Instructions to follow: Type the data below again exactly. Omit all pictures.

Raw data:
* * * * *

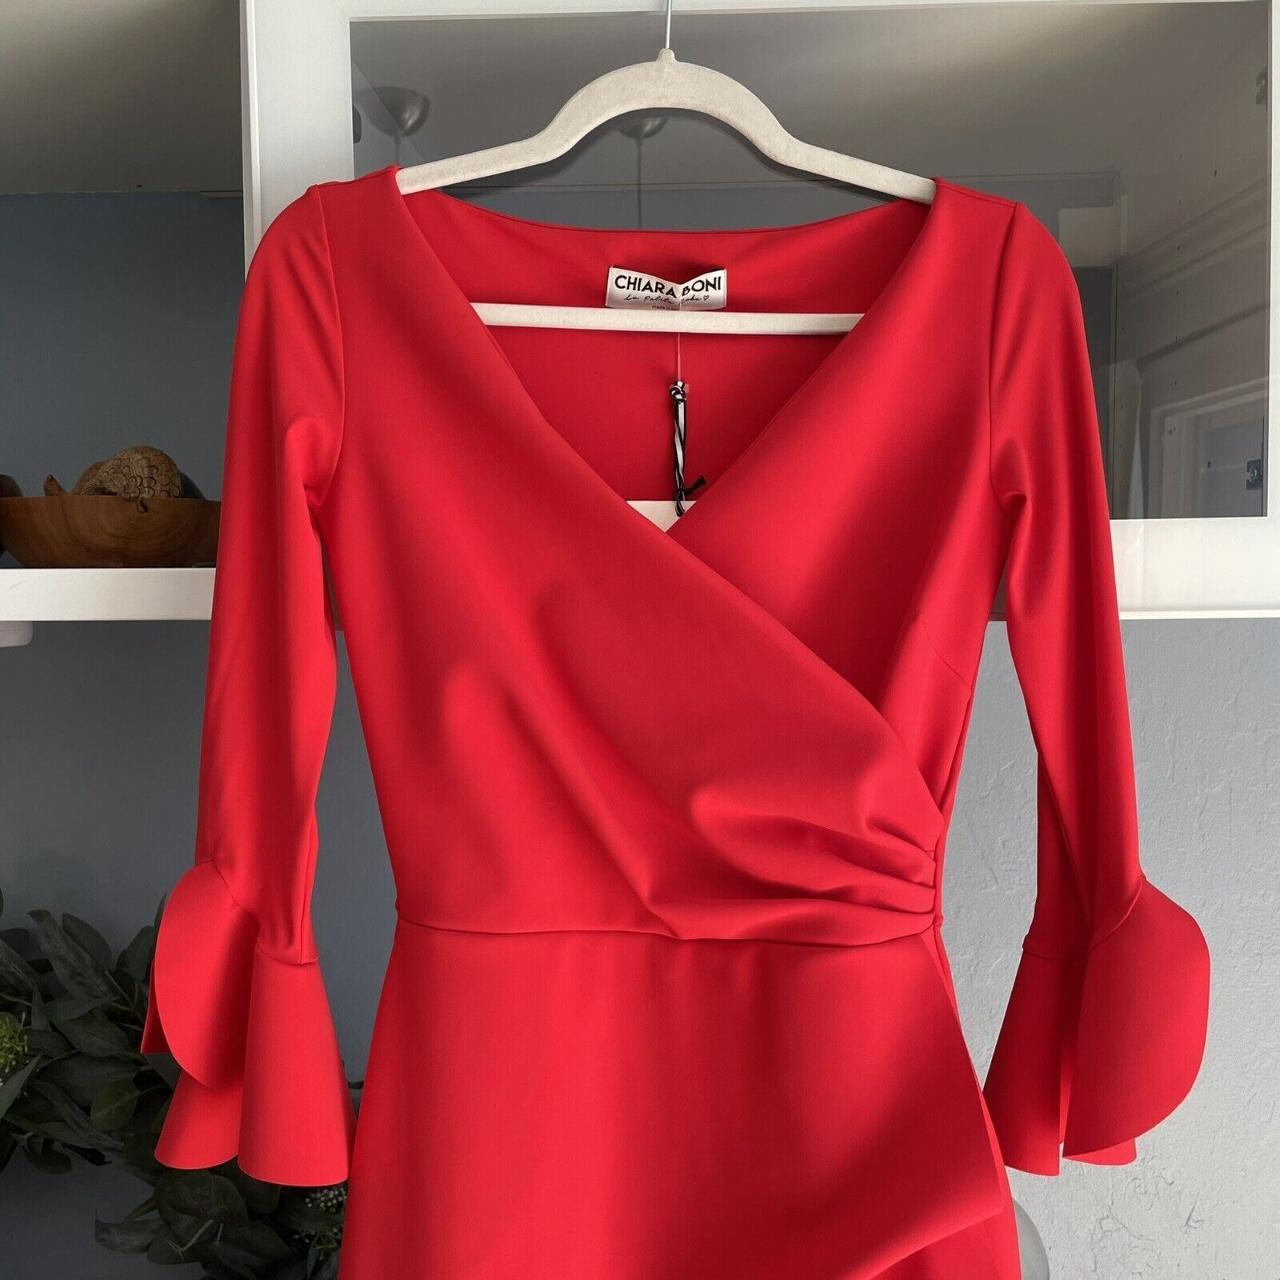 Chiara Boni La Petite Robe Women's Red Dress (2)
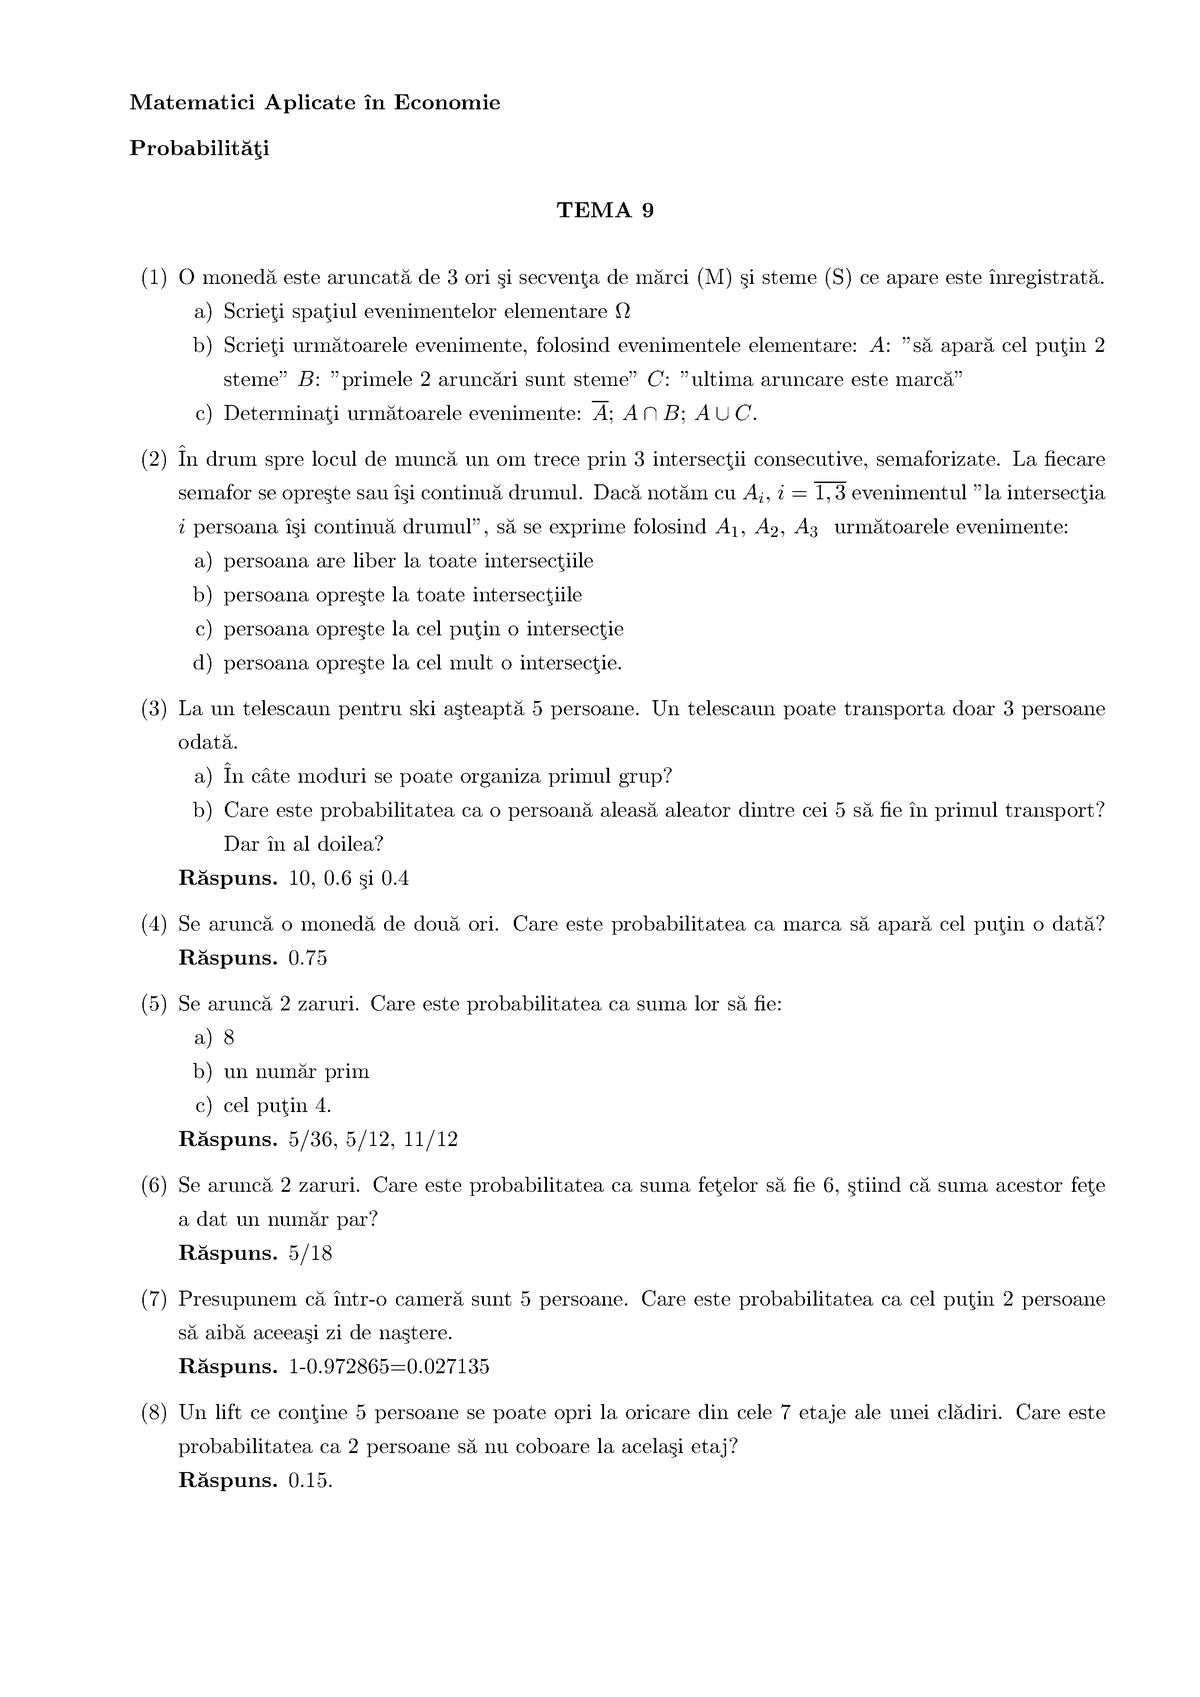 light bulb courtesy How? TEMA09-probabilitati - Matematici Aplicate ˆın Economie Probabilit˘ a¸ti  TEMA 9 (1) O moned˘ a este - StuDocu
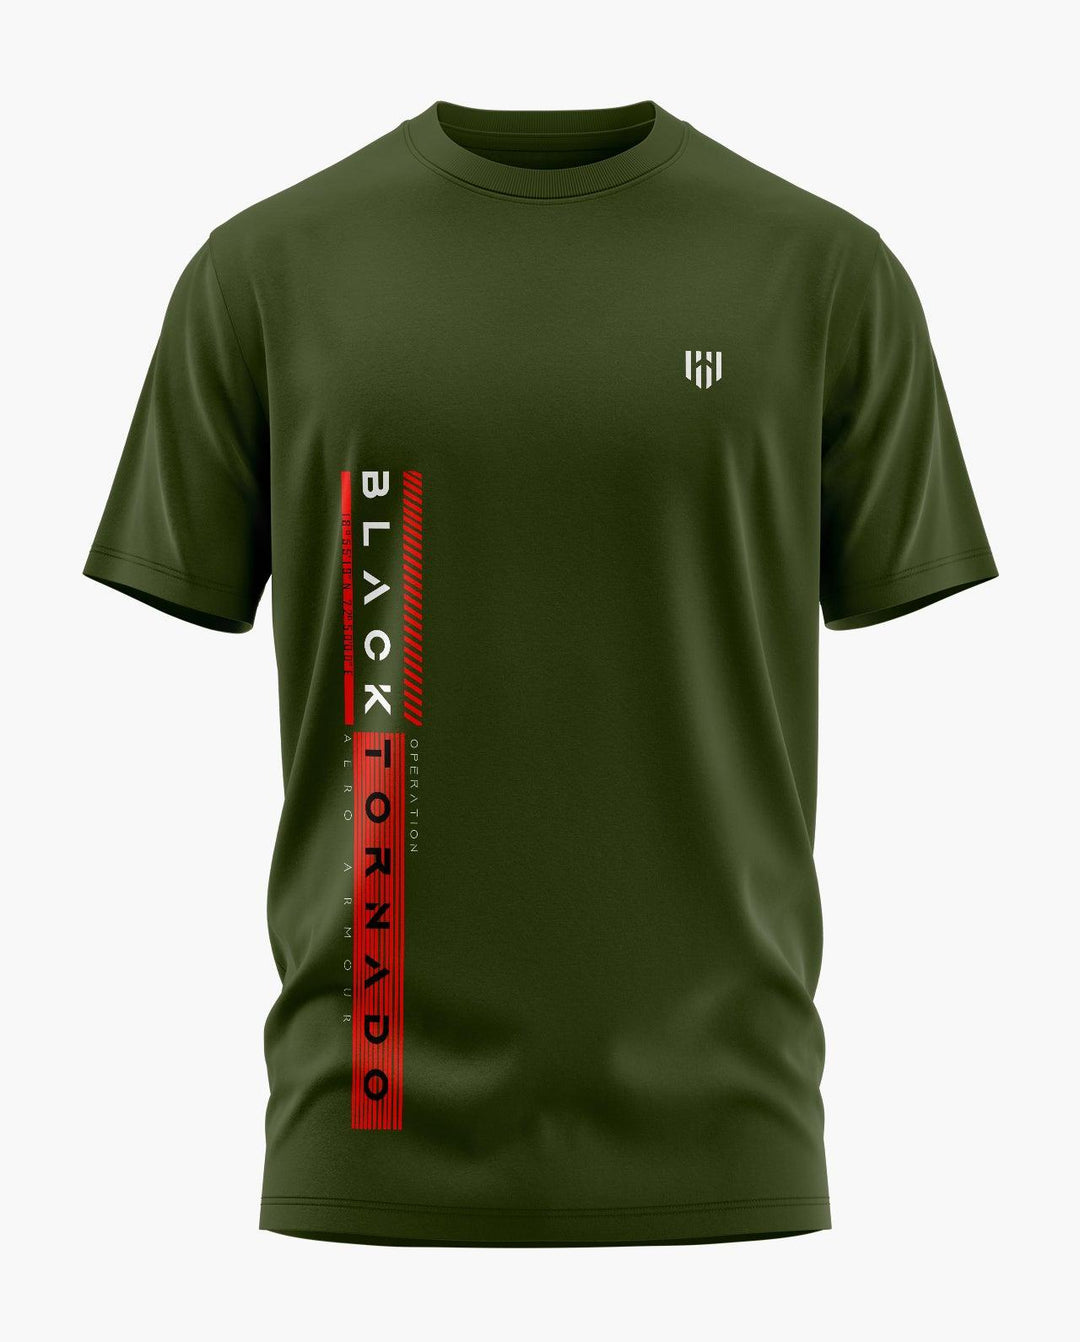 Black Tornado Typo T-Shirt - Aero Armour
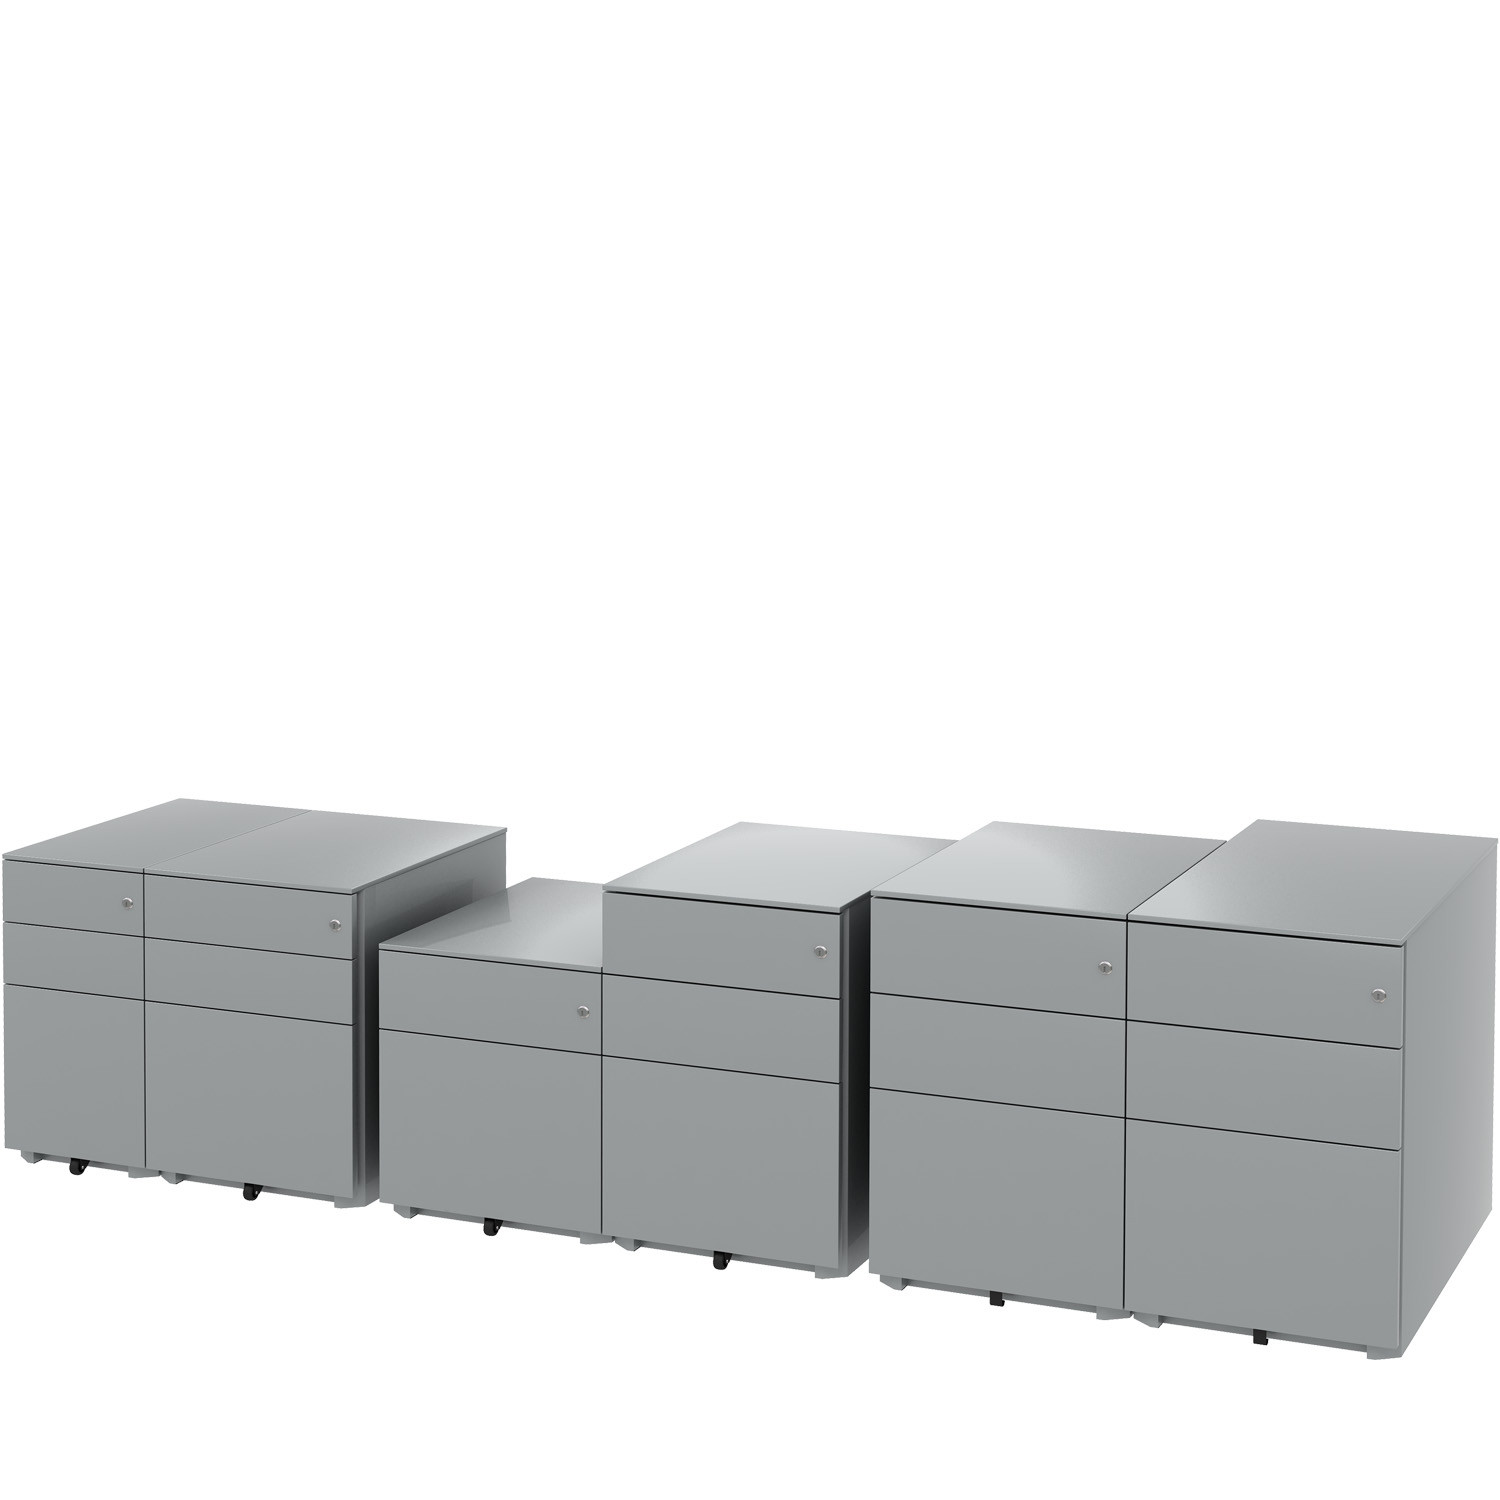 Desk Pedestals range by Silverline

* * * * *

Solution:
 Chiara Boni La Petite Robe Women's Red Dress (2)
 light bulb courtesy How? TEMA09-probabilitati - Matematici Aplicate ˆın Economie Probabilit˘ a¸ti  TEMA 9 (1) O moned˘ a este - StuDocu
 Black Tornado Typo T-Shirt - Aero Armour
 Desk Pedestals range by Silverline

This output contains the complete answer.